The FRC intends to consult on amendments to the U.K. Corporate Governance Code in the late autumn, while the government will present draft secondary legislation (where required) before Parliament by March 2018 so that the new rules come into immediate effect from June 2018.

Business bodies like the CBI, ICSA, and The Governance Institute largely support the proposals. The Institute of Business Ethics has also welcomed them, particularly the government’s desire to improve corporate governance in large, privately owned businesses. “There needs to be a recognition that all company directors, not just those of listed companies, are subject to the legal duty set out in the law whereby boards must take stakeholder and ethical issues into account when making strategic decisions,” says its director, Philippa Foster Back.

But the proposals have also met with a fair deal of criticism, particularly since they are not as tough as May first promised on her campaign trail or as the Conservatives put in their election manifesto.

The Trades Union Congress, the U.K.’s umbrella organisation for trades unions, has called the proposals “feeble,” while the GMB Union—one of the country’s biggest—has called the government’s retreat from having worker representation on boards a “pathetic climb down,” adding that “the Tories have once again sided with the fat cats over the workers.”

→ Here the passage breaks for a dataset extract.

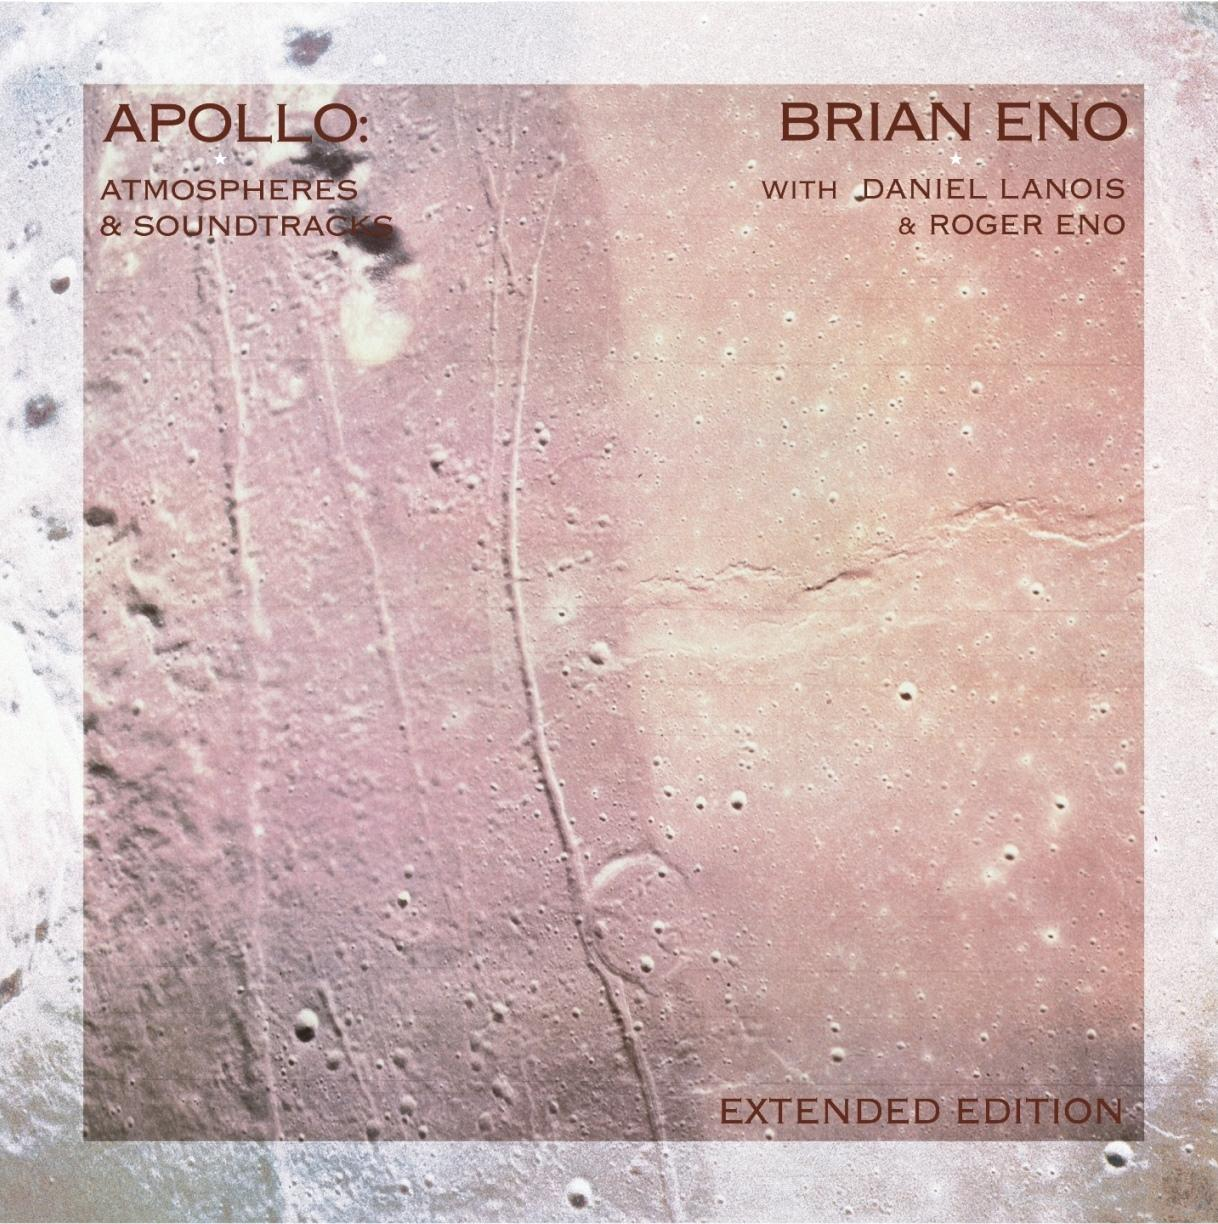 Brian Eno - Apollo: Atmospheres (Ltd.2LP) And (Vinyl) - Soundtracks

Some experts are also critical of some of the reforms, particularly around executive pay. Keith Grint, professor of public leadership and management at Warwick Business School, says that the government’s reforms concerning the ratio of CEO pay to average employee earnings “are unlikely to change very much.” “The ratio has been growing for decades, shows no sign of decreasing, has never been related to any kind of company performance, and manifests radical differences from the ratios that Germany or Japan have,” he says.